In addition to this, I refactored the code to include argument parsing to give the user choice over how much data and what type of data to scrape. It also included error handling to enforce an integer input. An example of this is:
self.parser = argparse.ArgumentParser(description='Decide what statistics to scrape')
self.parser.add_argument('-d','--drivers', default=False, action='store_true', help='Scrape Drivers:True/False')
I have learned the protocol and etiquette for adding docstrings to my code to enable tthe user to understand the code more effectively. An example of this is:
def __stripF1_text(self, tobereplaced : str):
"""Reformats the Name of the Driver/Team without any unneccessary text
Args:
toberreplaced(str): Unnecessary text to be reformatted
Returns:
Name(str): Name in required format
"""
At this point in my code I have also learned about function type expressions and have added types to all of my methods.
Unit testing was the next thing to add to my code. Firstly, this required me to make some of my methods private as they were called within other methods and by testing the public methods i was implicitly testing the private methods as well. This required some refactoring of my code: def navigate_driver() had previously called def get_driver_data. I had to change the if name = 'main' to separate these two methods so that I could test them separately.
I tested my navigation methods with the following code:
def test_scrapenavigate_driver(self): self.scraper.navigate_drivers() response = requests.get(self.scraper.driver.current_url) self.assertEqual(response.url, "https://www.4mula1stats.com/driver") self.assertEqual(response.status_code, 200) self.assertNotEqual(response.status_code, 400)

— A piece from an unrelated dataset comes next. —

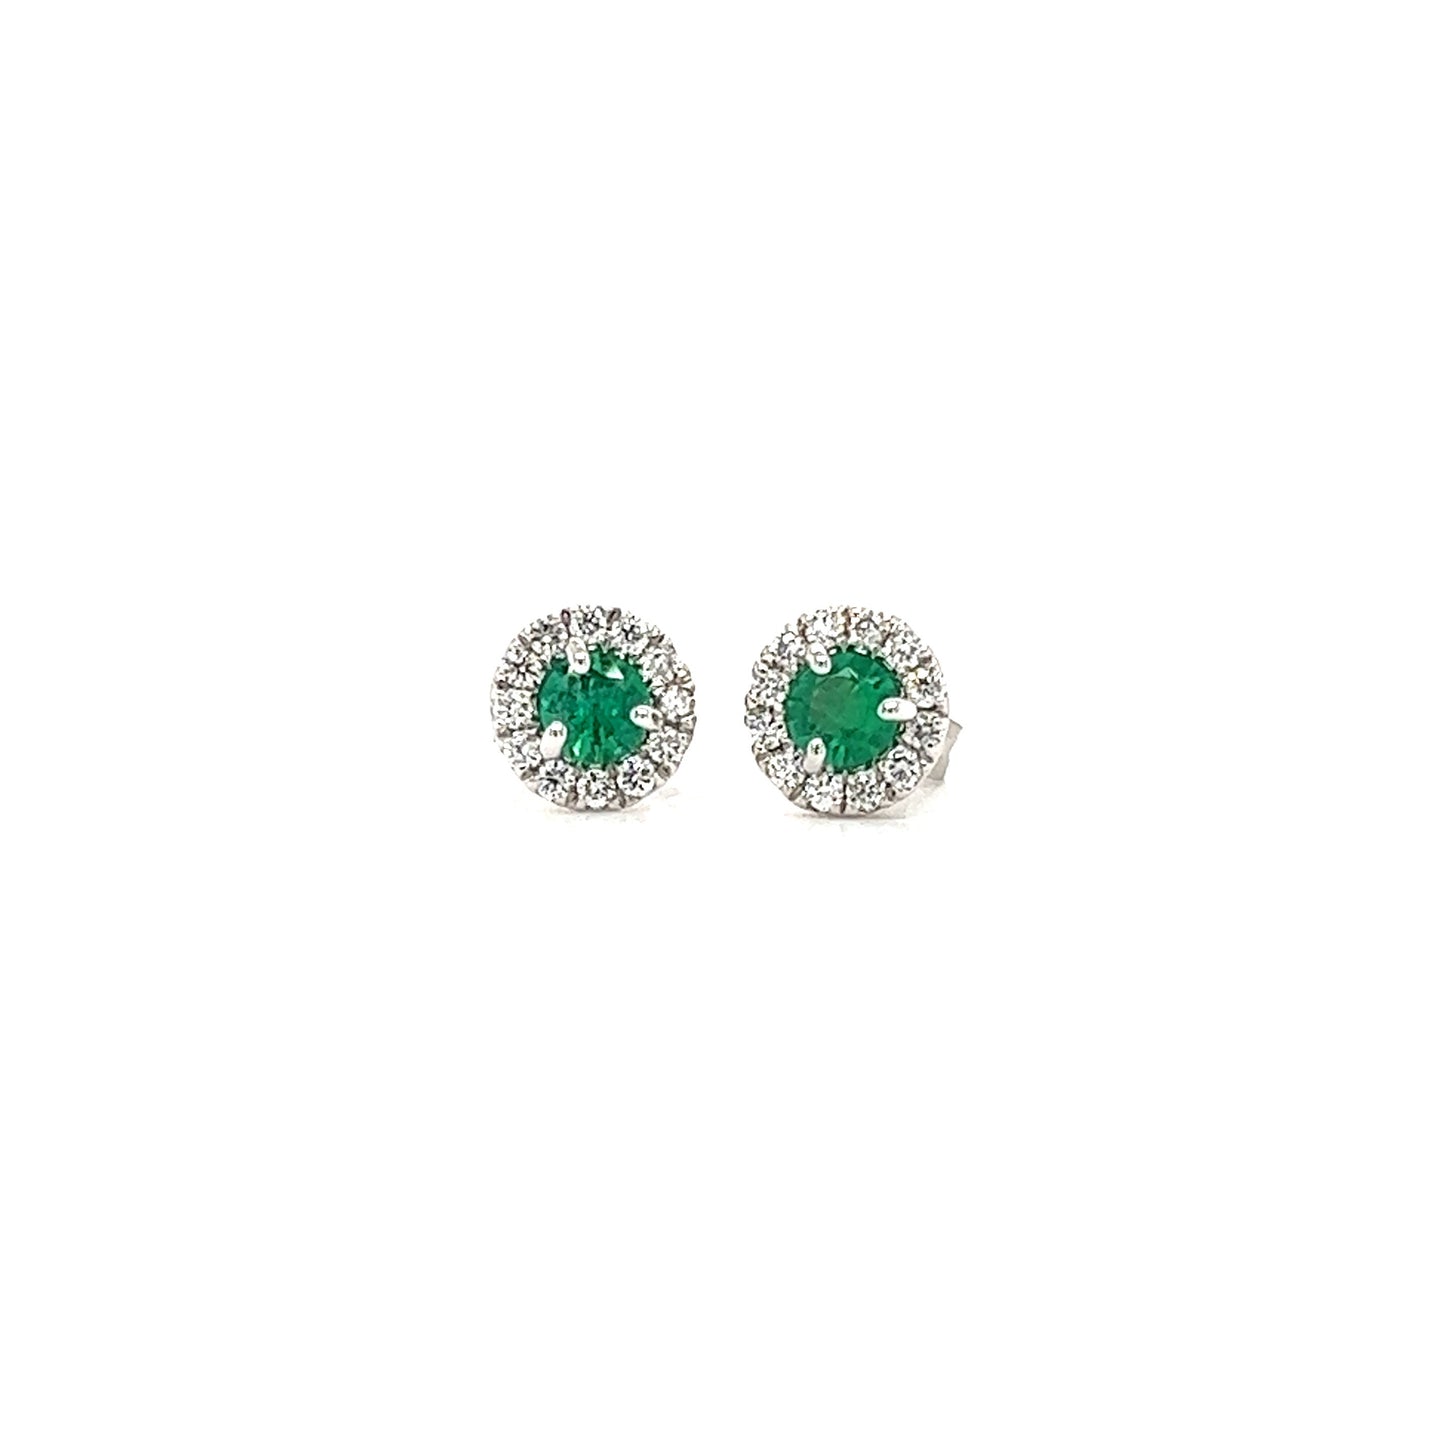 Round Emerald Stud Earrings with Diamond Halo in 14K White Gold Front View
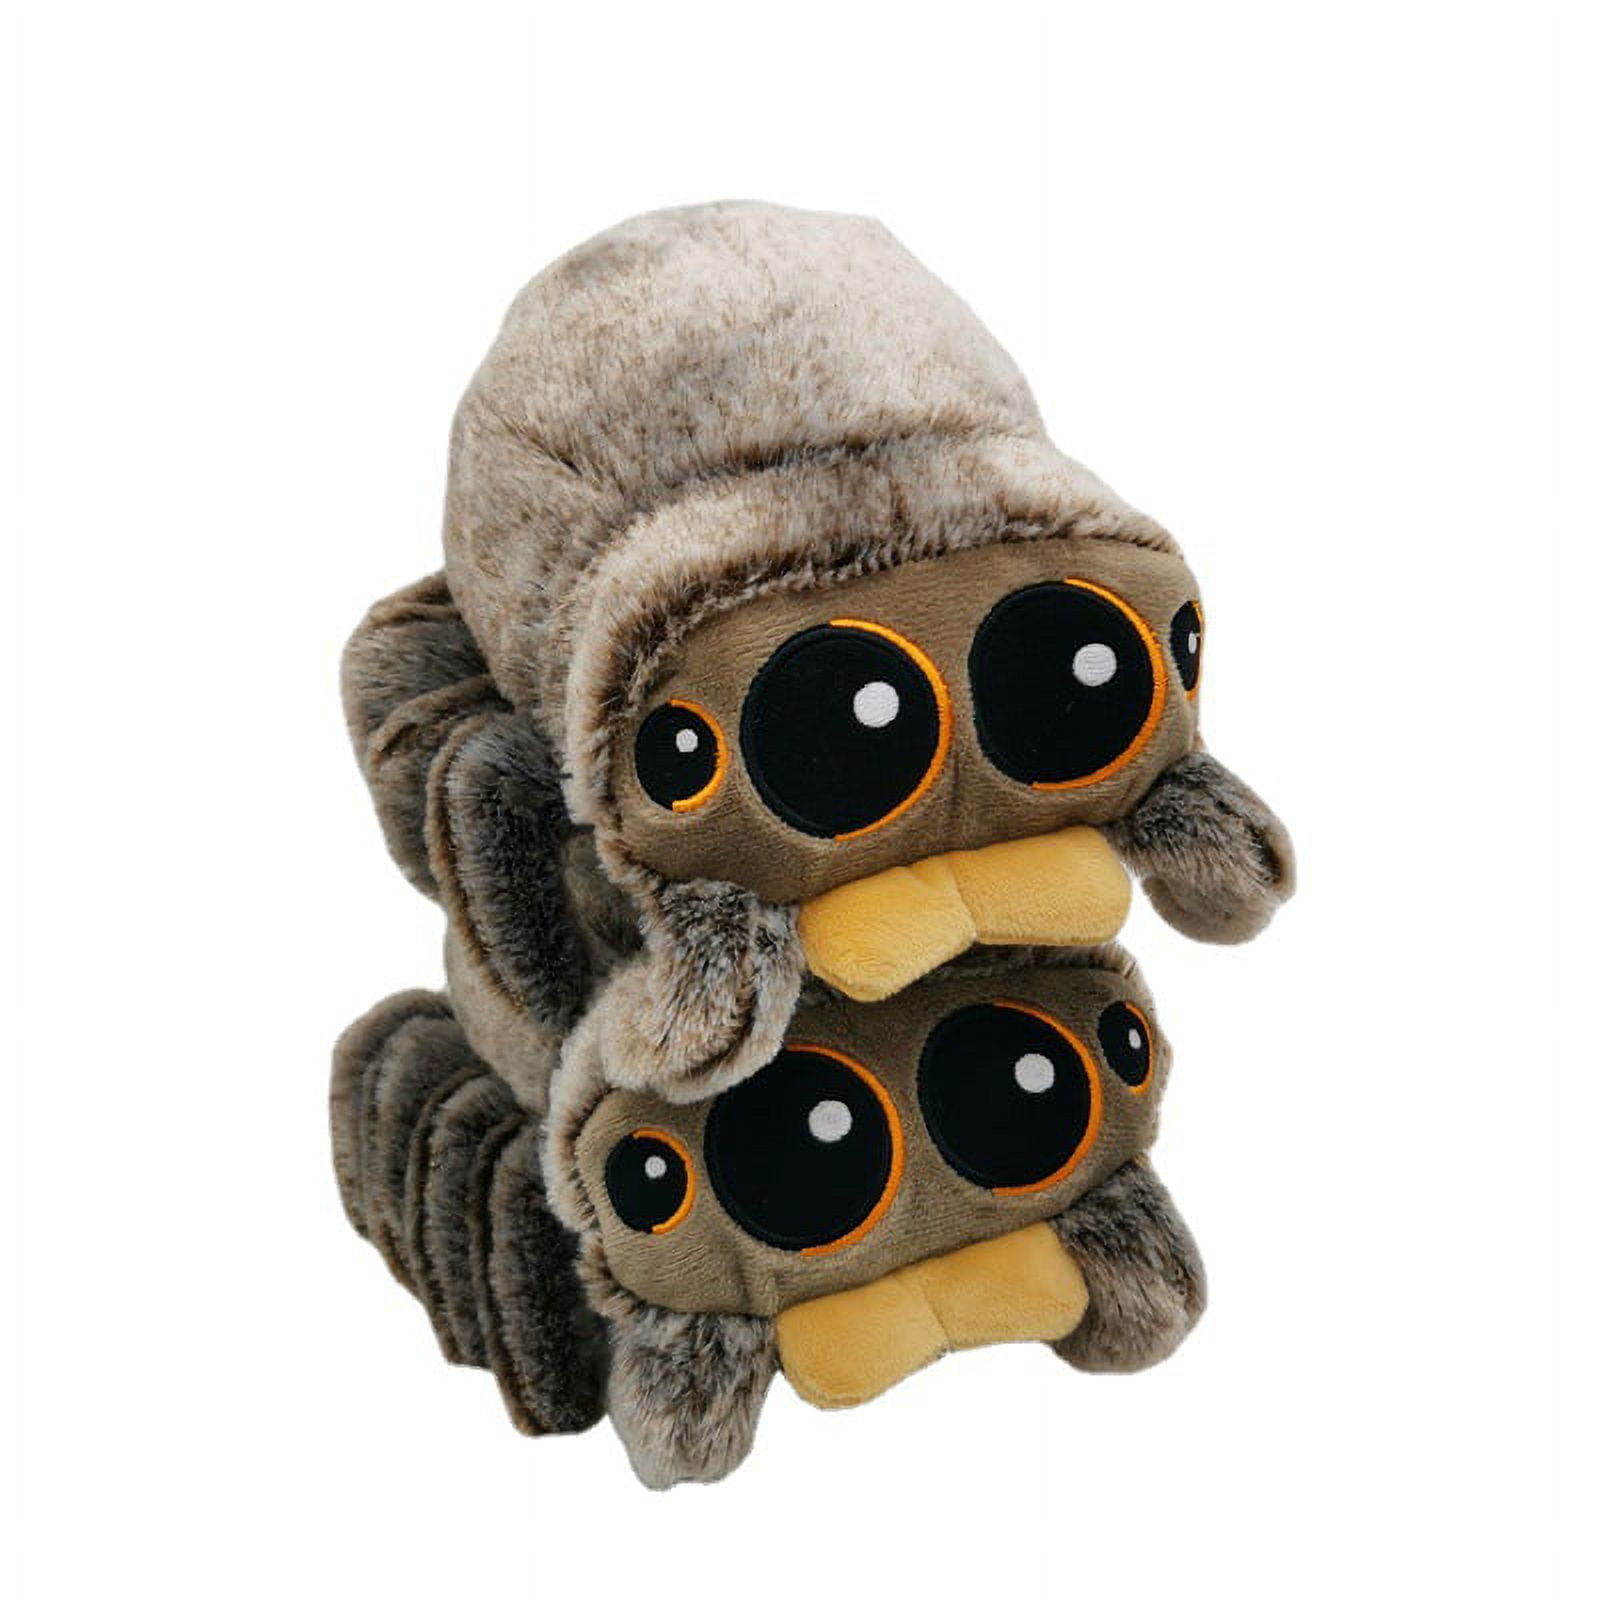  Cute Jumping Spider Plush Toy, Salticidae Springspinnen Spider  Stuffed Animals Soft Spider Plushie Dolls Birthday Gifts for Kids Fans  Adults Children : Toys & Games

which only needed to check that the correct URL was reached and that the URL was reached correctly with no error codes. The get_*_data methods required more testing. For these I needed the mock library and had to patch in a user input
@patch('builtins.input', return_value = 7) def test_scrape_driver(self, mock_input ):
#asserts dictionary length matches input
self.scraper.navigate_drivers()
self.scraper.get_driver_data()
dict_len = len(self.scraper.driver_list)
self.assertEqual(dict_len, mock_input.return_value)
#checks mock input has been called
mock_input.assert_called_once()
#asserts output type is a list
output_type = type(self.scraper.driver_list)
assert output_type is list
#checks certain entrys to see if they are as expected
f = open('driver_data.json')
drivers_dictionary = json.load(f)
driver_atrributes_list = list(drivers_dictionary[0].values())
driver_first_name = driver_atrributes_list[1]
self.assertEqual(driver_first_name,"Adolf")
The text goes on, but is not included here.